Schools are asked to do many things for students: provide food, medical care, family counseling, discipline and, of course, education. Generally, those who work in education have dealt with each need and found solutions for students and families. They have done this despite shrinking budgets and shrinking support in the public education system. We are now facing an uncertain future in public education, while we recover from the pandemic, recession, and historic levels of division and inequity.
A cornerstone of society, our schools can be a powerful accelerant toward a virtuous cycle of progress and prosperity. But public education is in a precarious position, and for too long it has absorbed blame and trundled along. So, as we look to emerge into spring and out of the pandemic, we are called to do the hard work of working together. True progress in education is possible if we act as a community.
To kick off, I’ll start with three key lessons learned during nearly four years on the Santa Fe Public Schools Board of Education.
1. Public education is fueled by almost unparalleled human passion, because, after all, it’s about the children. But it is also incredibly complex and regulated.
That passion is probably our schools’ greatest asset, and during the pandemic, the increased engagement from adults supporting students has been magical. Most of us are now closer to our students’ school days than ever. But it’s the professional educators, with their career passions, who manage the complex factors and the regulations that govern our schools.
Some regulations are centered around individuals — like processes to support medically fragile students. Others are big-system considerations — like the different requirements for various funding sources, federal money, state legislation, voter-approved bonds and mill levies, private grants and out-of-school supports. Plus, there are the requirements around serving thousands of daily meals, giving vaccinations, providing mental health and other wellness supports. Which brings me to:
2. The teachers and staff are the heart and soul of our schools. In a historically underpaid, highly criticized and politicized arena, people work in schools because of their deep commitment. They are the problem solvers. They are the force that makes progress, and the people who manage the troubles.
The work is hard, with early morning starts, strict rules to follow, infinite requests and special circumstances, plentiful misunderstandings and miscommunications, a healthy dose of acting out, oodles of logistics and frequent micro-crises. But the staff shows up and moves students’ learning forward.

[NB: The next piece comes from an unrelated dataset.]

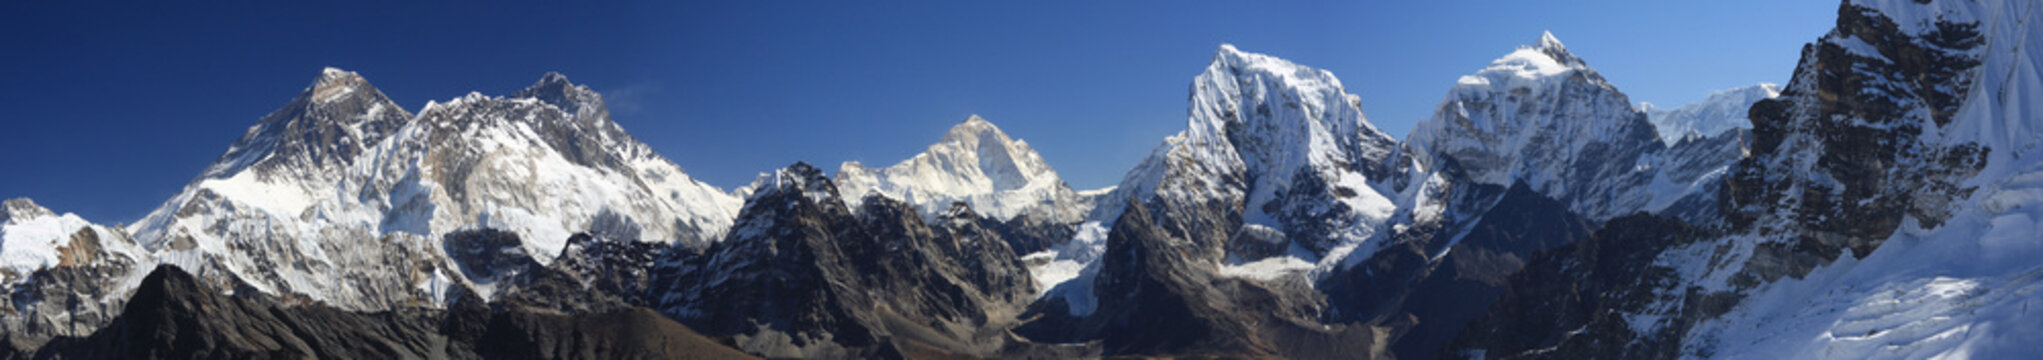 Panorama of Everest from Renjo Pass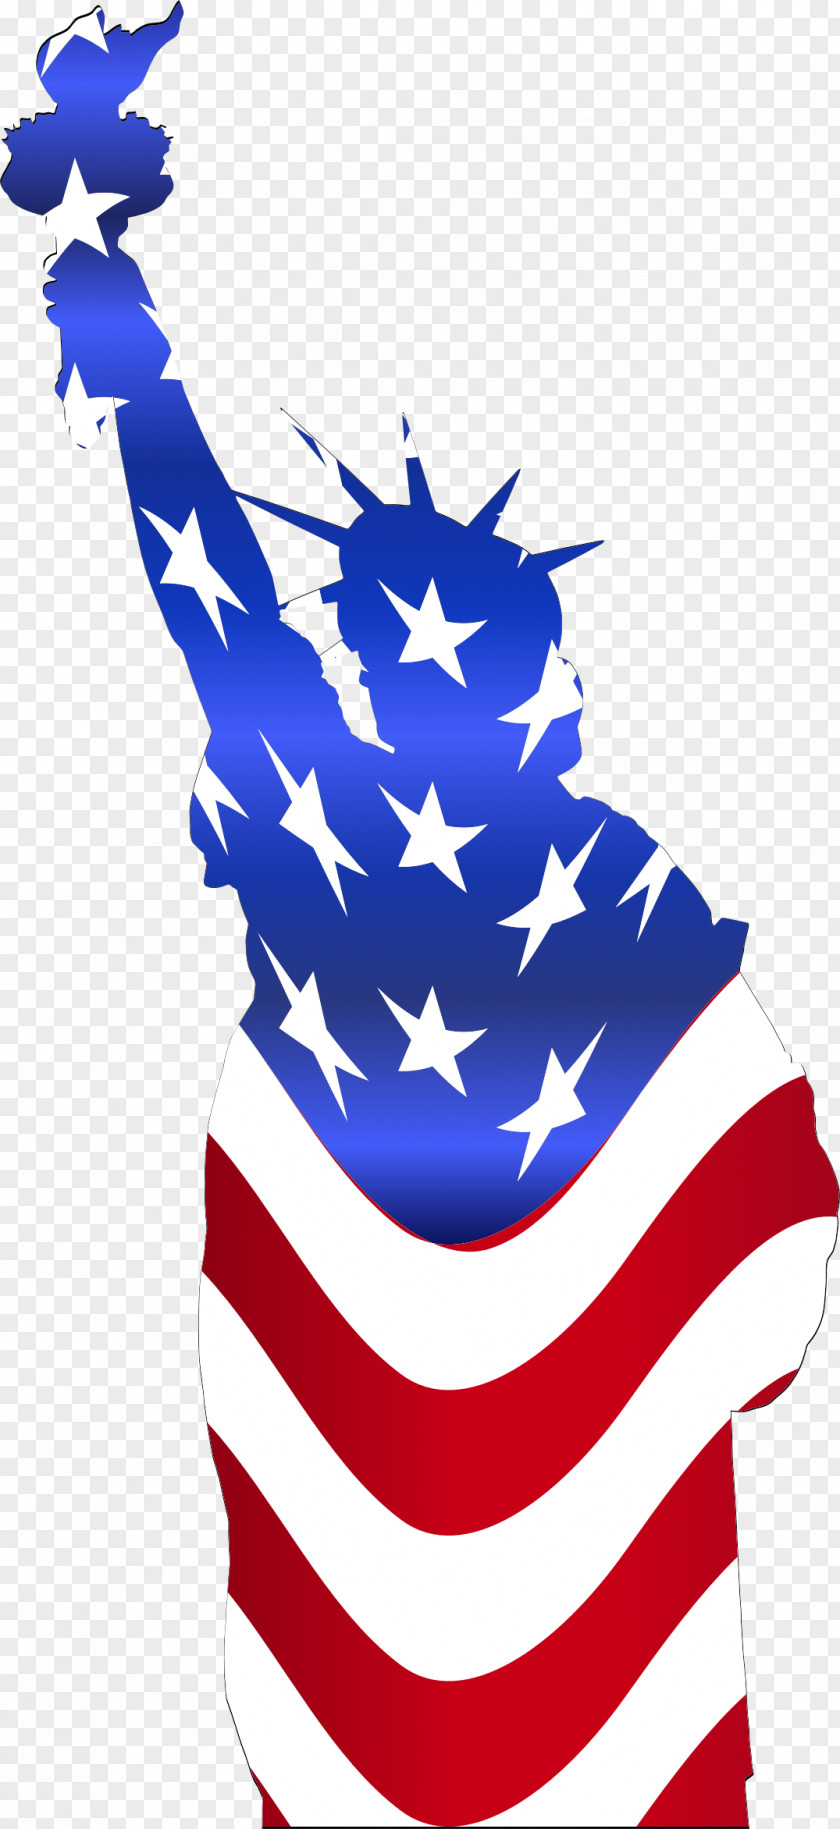 Statue Of Liberty Monument Clip Art PNG

Which is why:
3. Schools depend on community support, and we need this more than ever. Volunteers, nonprofits, local businesses, neighbors, community colleges, city and county programs, all contribute to schools and make a difference for students and families.
This is how we have extracurricular activities and leverage incredible cultural assets. It’s how robotics clubs, field trips, attendance awards, athletics, music groups, literacy support, internships, mentorships, dual credit programs, job pathways and many other crucial activities can happen.
We have a once-in-a-lifetime opportunity to rebuild public education and make strong the cornerstone of our community’s prosperity. It has been hugely disrupted; we have learned immense amounts and adopted enabling technology quickly. Now, as we rebuild we can innovate. We must foster a culture of support for educators, students and schools. Public education is truly a local system, reflective of, and dependent on, the staff, families, organizations, and environments that surround our schools.
So, let’s move forward with open minds, kindness, and a strong bias to innovation and problem solving, together. Find some way to contribute, large or small. Ask families, teachers, and most of all students what they need from the community, and make it happen. Education will never be the same again, and that can be good.